The New Year began with a second defeat of the season to Burton, this time being beaten 3–1 at home, in which Brodie scored in the first half with a shot from the edge of the penalty area. Wrexham defender Kyle Critchell was signed on a one-month loan, who Foyle knew while he was a coach at the club. Adam Smith returned to Gainsborough following the conclusion of his loan, while a permanent move had been stalled as Gainsborough were holding out for a fee. Progression to the third round of the FA Trophy was ensured with a 2–1 away victory over Oxford, with goals from McBreen and Brodie. Further signings from Wrexham took place when striker Simon Brown and midfielder Christian Smith signed on loan and permanently respectively.

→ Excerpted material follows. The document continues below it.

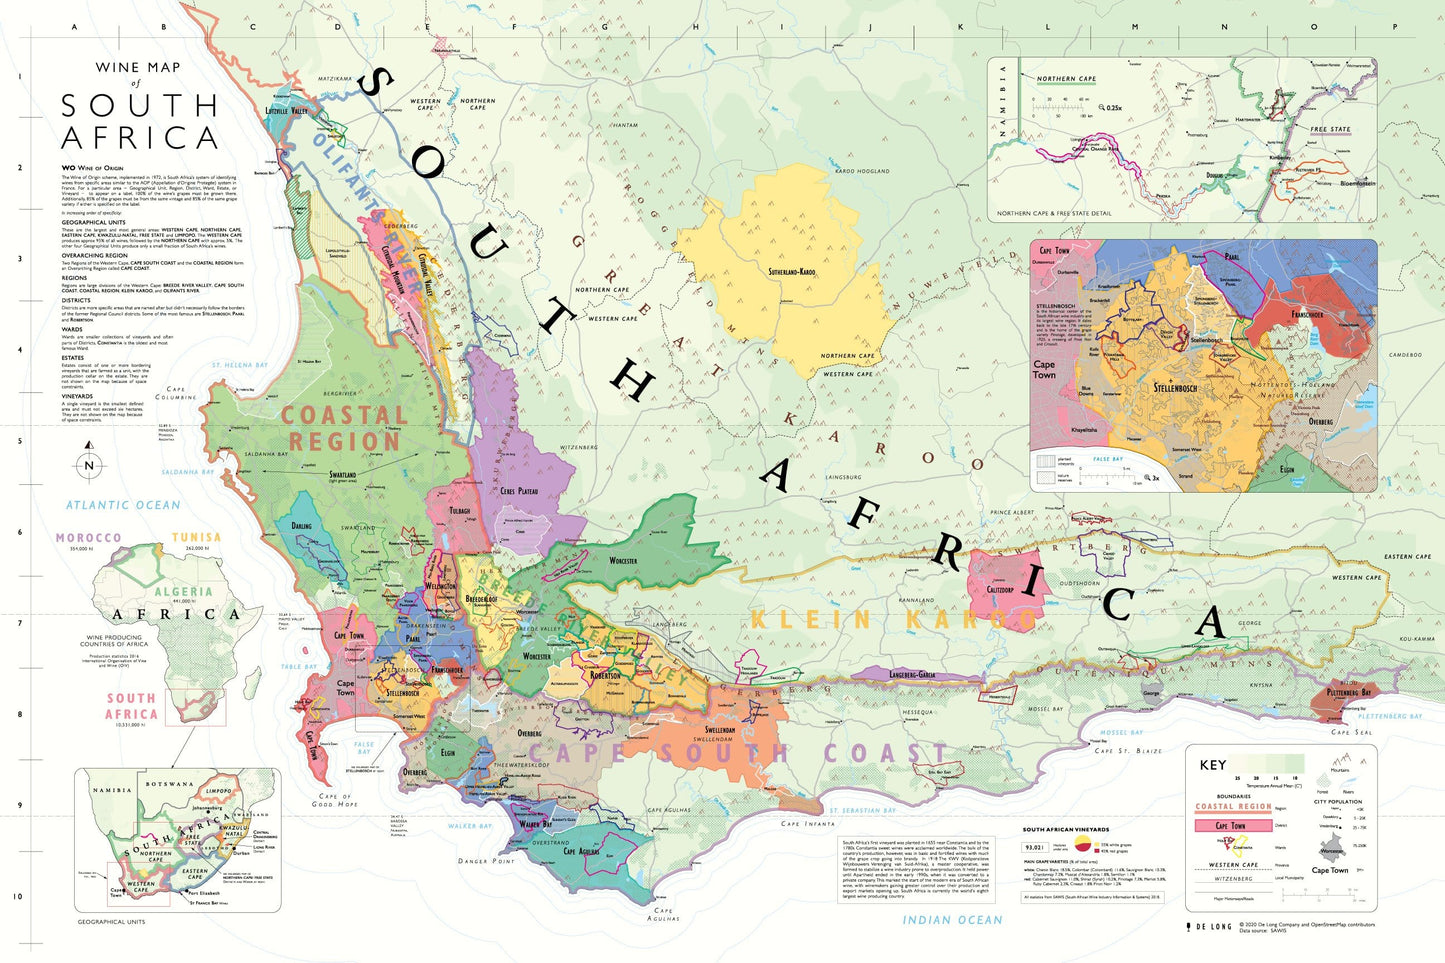 Wine Map of South Africa

Hirst was released having failed to break into the first team. Lewes were beaten 3–0 at home; Brodie opened the scoring with a volley into the top corner from outside the penalty area, and Christian Smith scored from 30 yards before Brodie finished the scoring with a low shot into the bottom corner. Henderson was released having fallen out of the reckoning for a first-team place.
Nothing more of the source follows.